Gaunt’s mustache twitched. “Lady One-Eye has no need of trickery,” he said. “She is in a class by herself.”
“Oh? Has she ever sat at table with Poker Alice?”
“Not yet. It will be a match for the ages when she does.”
“If she does. And if she’s as honest as you claim she is. Poker Alice would spot a mechanic straightaway, no matter how skilled her gaff.”
“So would you, I should think, if you possess the credentials you claim to have.”
“I’ve been fooled before by expert mechanics, but not for long. I intend to keep an extra sharp eye on the cards when the Lady and I play tonight.”
Gaunt’s piercing gaze remained fixed on her for several more seconds. Then, abruptly, without so much as a by-your-leave, he pushed to his feet and walked out.
There was no sign of Jack O’Diamonds, Lily Dumont, or Lady One-Eye when Sabina entered the Gold Nugget. One of the bartenders told her that Amos McFinn was in his office.
The little man was in his usual jittery state. “It’s about time you reported, Mrs. Carpenter. I—”
“The Saint Louis Rose,” she reminded him.
“Yes, yes, there’s no one else here. Well? What’s your opinion of Lady One-Eye’s game after losing to her last night? Is she honest or not?”
“I’d rather not say just yet. I’ll have to play her once more before I can be sure.”
“But you think she may be a clever sharp, is that it?”
“You’ll have my answer tonight, Mr. McFinn. Another hour at table with her ought to be sufficient, win or lose. For which I’ll need an additional stake.”
McFinn made a groaning sound. “How much this time?”
“Five hundred.”
“For a total of two thousand if you lose again and she’s honest.”
“And full restitution if she’s not.”
He went to a large Mosler safe behind his desk, removed five hundred dollars in greenbacks. “I’d rather forfeit the two thousand,” he muttered as he handed the money to Sabina. “My house percentage on her winnings already amounts to twice as much.”
Sabina tucked the bills into her bag without comment.
“Do you have anything else to report?” McFinn asked.
“Again, not yet.
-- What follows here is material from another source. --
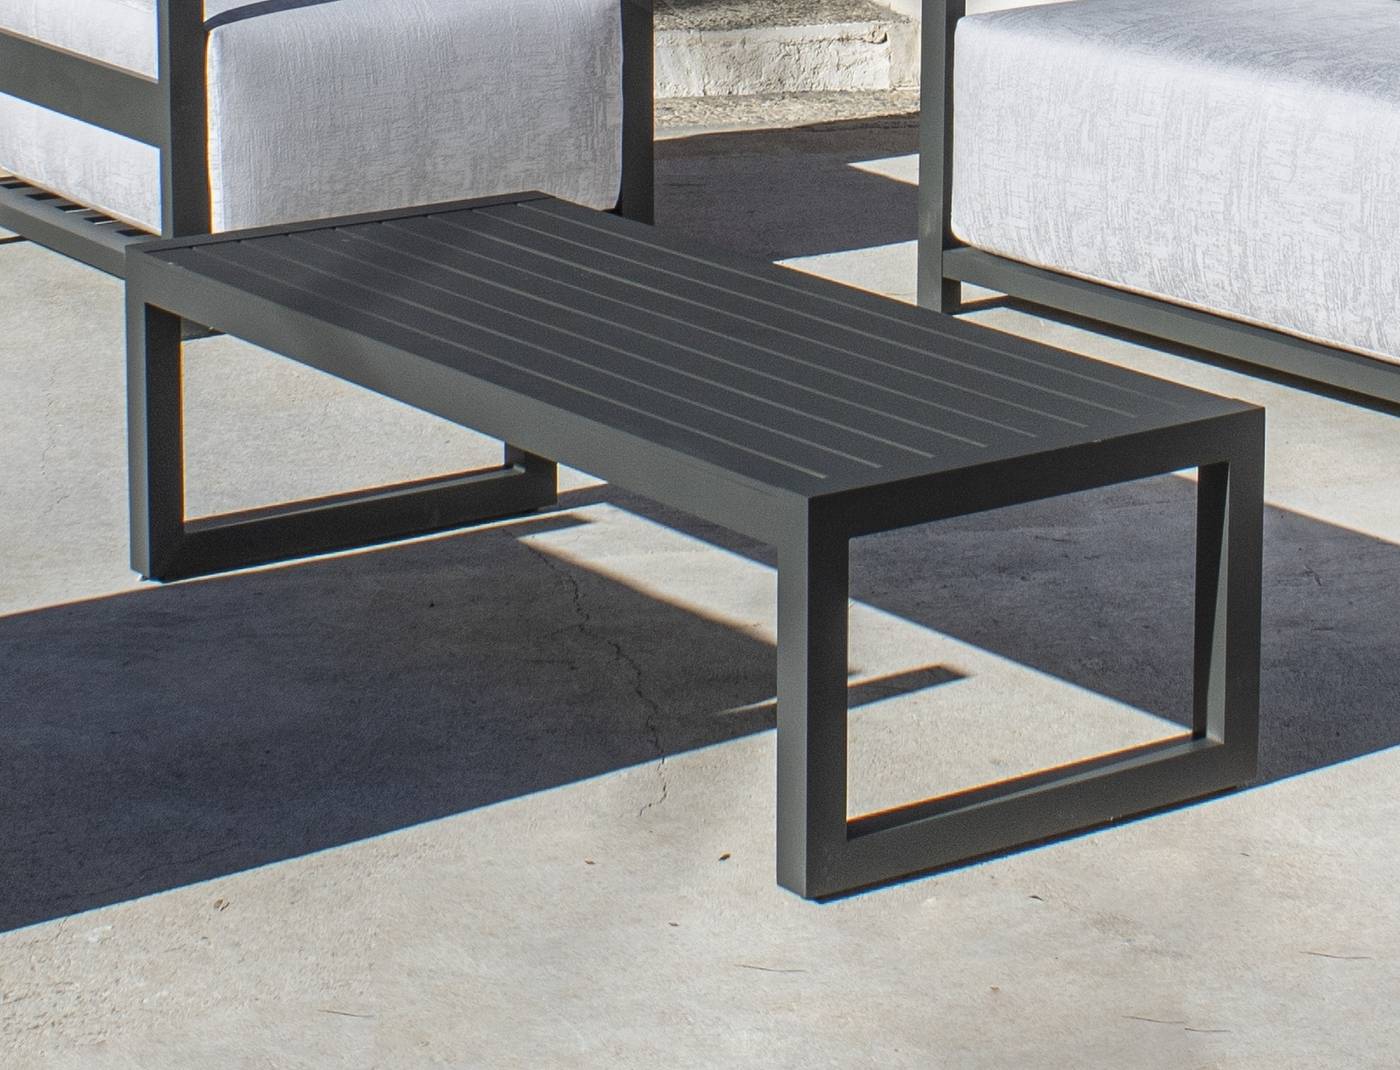 Set Aluminio Palermo-8 - Conjunto de aluminio: sofá de 3 plazas + 2 sillones + 1 mesa de centro. Disponible en color blanco, antracita, marrón, champagne o plata.

I had a conversation with Jeffrey Gaunt a few minutes ago, but it yielded nothing of import.”
“He didn’t say anything about that damned... the threatening letter?”
“No. The Saint Louis Rose has no way of knowing about it, and he wouldn’t bring it up to her in any case. Nor would he be drawn into a discussion of Jack O’Diamonds’ infatuation with Lily Dumont.”
“Quincannon mentioned his suspicion of an affair last night,” McFinn said. “I asked the girl about it this morning, straight-out.”
“She denied the involvement, of course.”
“In no uncertain terms.”
“And you believed her?”
“She... well, she seemed sincere.”
“Glen Bonnifield, Lady One-Eye, and her brother all seem to suspect infidelity. As do John and I. If we’re correct, it makes the situation even more volatile and potentially violent.”
McFinn groaned again. “As if I need anything more to worry about.”
He would have been all the more fretted if Sabina had told him about the shooting at Lily Dumont’s cottage. The decision she and John had made not to reveal it yet was the right one.